Knight compared the band’s mission to Bob Marley’s international popularization of ska: “He did something that was new to Jamaica and came out with his version of reggae music, and it took the world by storm… I think we’re on the verge of doing that for the Bahamas.” That’s why, despite living in paradise, the band doesn’t have many “quiet moments.”

What they specifically wanted to give listeners with their new album, Knight said, is rejuvenation, to help “re-energize” listeners “to be able to face the rest of life.” “We really wanted to give the world a reason to smile, a reason to dance, a reason to if you feel a bit down, a reason to come back up.”

That, he said, transfers through their music’s “jumping sound.” And that sound echoes in his definition of community.

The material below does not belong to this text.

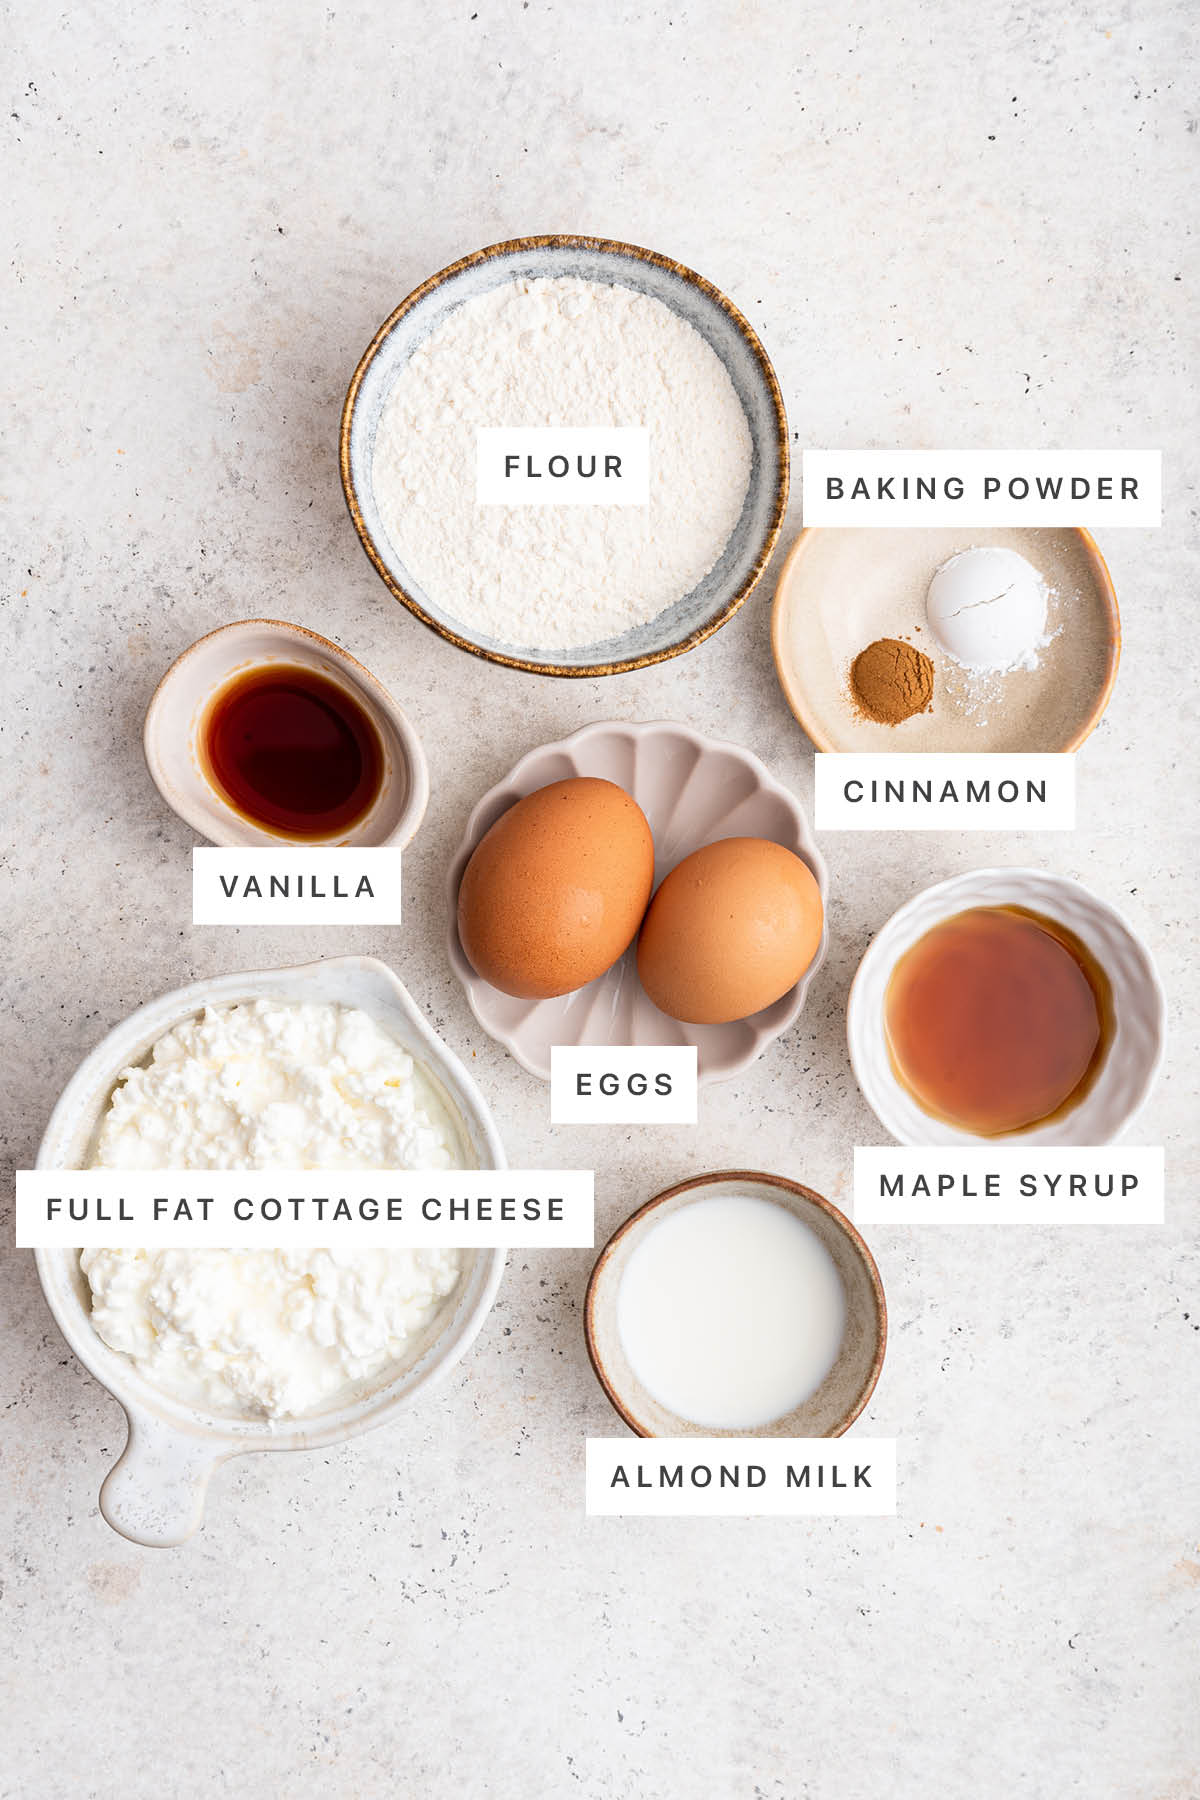 Ingredients measured out to make Cottage Cheese Pancakes: flour, baking powder, cinnamon, vanilla, eggs, maple syrup, cottage cheese and almond milk.

“You build a home, then you build a community, then you build a country, then you build the world,” Knight said. “A popular talk show host always says, ‘if each before our doorstep swept, the entire community would be a cleaner place,’ and I think being a part of a community is not trying to sweep the doorstep of others but to keep your doorstep welcoming and to always have open arms from your doorstep.”

Before he said goodbye, he made me promise to experience that “jumping sound,” that energy that electrifies the band’s live performances, if they ever tour near Ohio. He also made me a promise: “When you come down [to the Bahamas], I’ll get you a Bahama Mama.”